Nuevas rutas del conocimiento tas la caída del mundo clásico
Cuando el emperador Justiniano ordenó el cierre de las escuelas de filosofía griegas en el año 529 d. C., los filósofos y todos aquellos que se consideraban discípulos de la sabiduría atemporal la aventaron en todas direcciones, de modo que esta fue recorriendo nuevas rutas, descubriendo nuevos horizontes. Al desmoronarse el mundo clásico, parte de sus enseñanzas fueron acogidas por otros pueblos próximos que se hallaban ávidos de saber. De este modo, el conocimiento fue cambiando sus ropajes viejos para amoldarse a nuevas formas de pensamiento, otras lenguas y costumbres, tratando de preservar, sin embargo, su inequívoca esencia.
Núcleos del saber
El conocimiento clásico, al igual que las caravanas que cruzaban el desierto, se asentó primeramente en las comunidades cristianas de Anatolia, Capadocia, Antioquía y Siria (en las ciudades de Harrán o Edesa, Alepo y Damasco), pasando posteriormente hacia Persia (el Irán actual) y Mesopotamia (en donde florecían las ciudades de Bagdad y Basora), o bien, hacia el viejo Egipto (en torno al foco principal de Alejandría).
En torno a dichos centros de saber aparecieron entonces las comunidades monásticas de Capadocia, Antioquía y Siria; los grupos gnósticos y esenios de Judea, o los nasarreos y sufís de Basora. Y en la grandiosa ciudad de Alejandría se entremezclaron los terapeutas, cristianos, mazdeístas, judíos y gimnosofistas de túnica azafrán con los filósofos eclécticos de la escuela neoplatónica. Todo un mundo diverso que actuó como un gran atanor en donde maceraron las diversas ideas para recrear un mundo nuevo.
Así, cuando posteriormente el mundo árabe llegó a su esplendor, dicha cultura sirvió de catalizador de dichas corrientes de pensamiento. A través del norte de África, cruzando el desierto líbico e Ifriquiya (la actual Túnez), se expandió hasta implantarse en Berberia, (el Magreb actual, en las ciudades de Tlemcen, Fez o Marrakech) y en al-Ándalus (la España musulmana, dando lugar a ciudades del saber tan relevantes como Córdoba, Toledo y Granada).

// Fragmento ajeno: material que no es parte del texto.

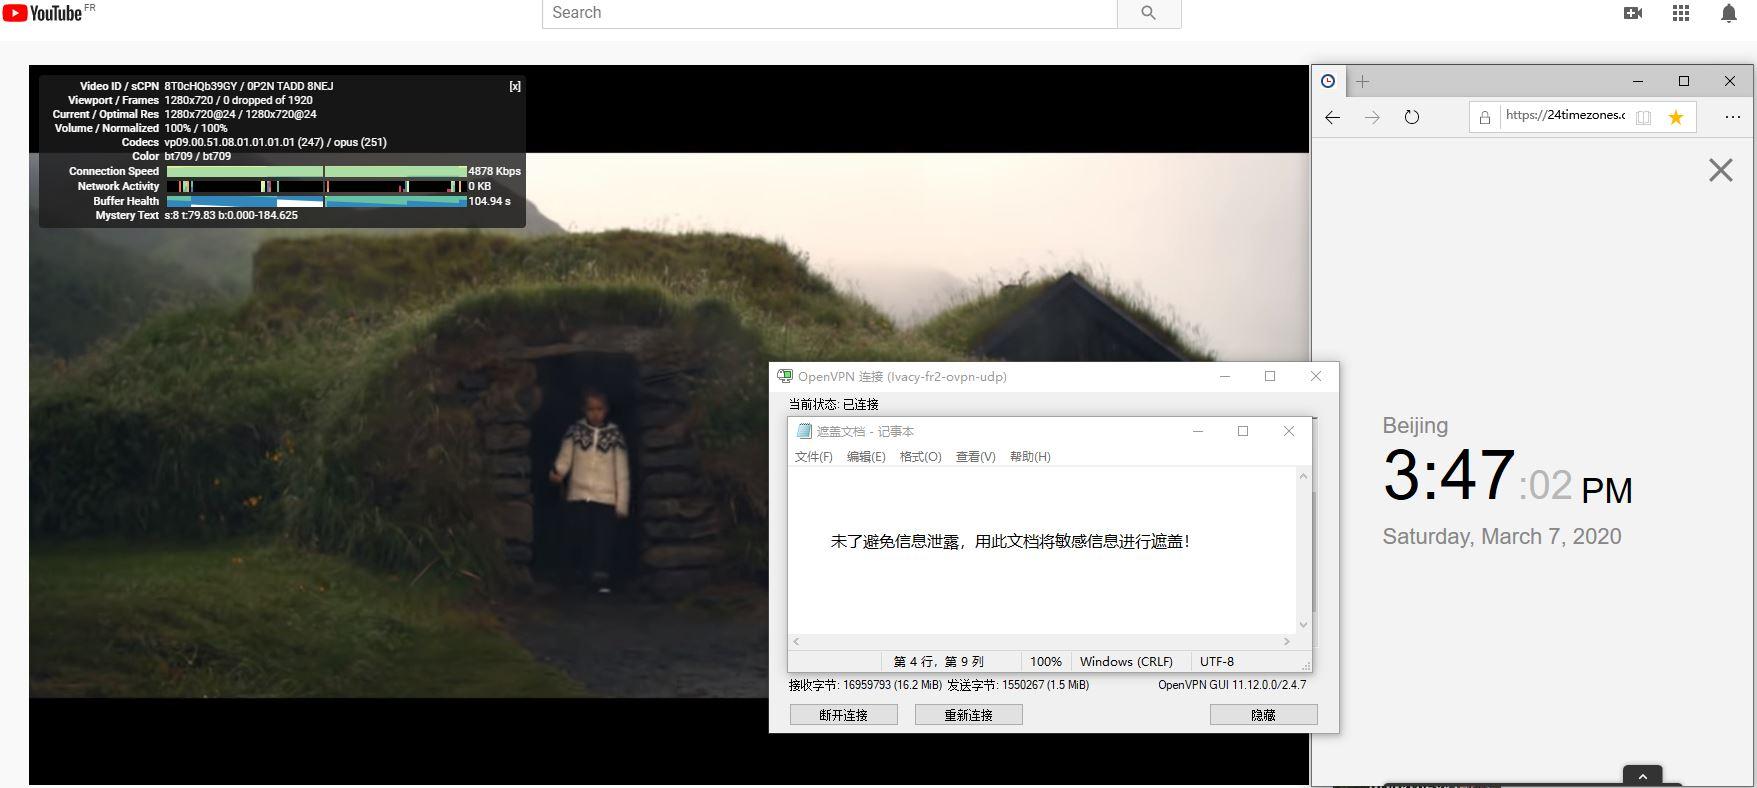 Windows10 IvacyVPN OpenVPN FR2 中国VPN翻墙 科学上网 Youtube测速 - 20200307

Una poderosa amalgama de ideas
Las ideas provenientes del mundo griego, sobre todo de Aristóteles y Platón, una vez matizadas por el pensamiento de los nestorianos y de las comunidades cristianas, nutridas además con la filosofía neoplatónica y el saber de los sabios persas, fueron entonces absorbidas por el islam. Ello no implica que aquellas ideas fueran asumidas completamente por el pensamiento musulmán, pero las controversias y debates teológicos que provocaron en su seno enriquecieron sus principios, a la par que los comentarios y textos filosóficos que generaron nos han permitido conocer indirectamente las fuentes clásicas.
En consecuencia, debemos a la cultura árabe el que se hayan preservado los textos más relevantes de la Antigüedad clásica, que, posteriormente, al ser traducidos al latín y a la lengua hebrea en las diversas escuelas de traductores, favorecieron su divulgación, dando lugar finalmente a la filosofía europea medieval y al florecimiento de las nuevas universidades.
La filosofía clásica como fundamento de las ideas del islam
Los primeros pensadores musulmanes, principalmente los teólogos, anhelaban dar una fundamentación filosófica a sus ideas y preceptos, pues algunas nociones religiosas estaban expuestas continuamente a la duda o al debate. Conceptos tales como «la predestinación o el libre albedrío», «la visión trina de la divinidad», o bien la idea de «Dios como una unidad», necesitaban de una formulación filosófica. A causa de su expansión, a partir del siglo VII, el mundo árabe entrará en contacto con otros pueblos limítrofes, conociendo sus concepciones filosóficas y religiosas, adoptando finalmente como referencia las concepciones del mundo clásico grecolatino.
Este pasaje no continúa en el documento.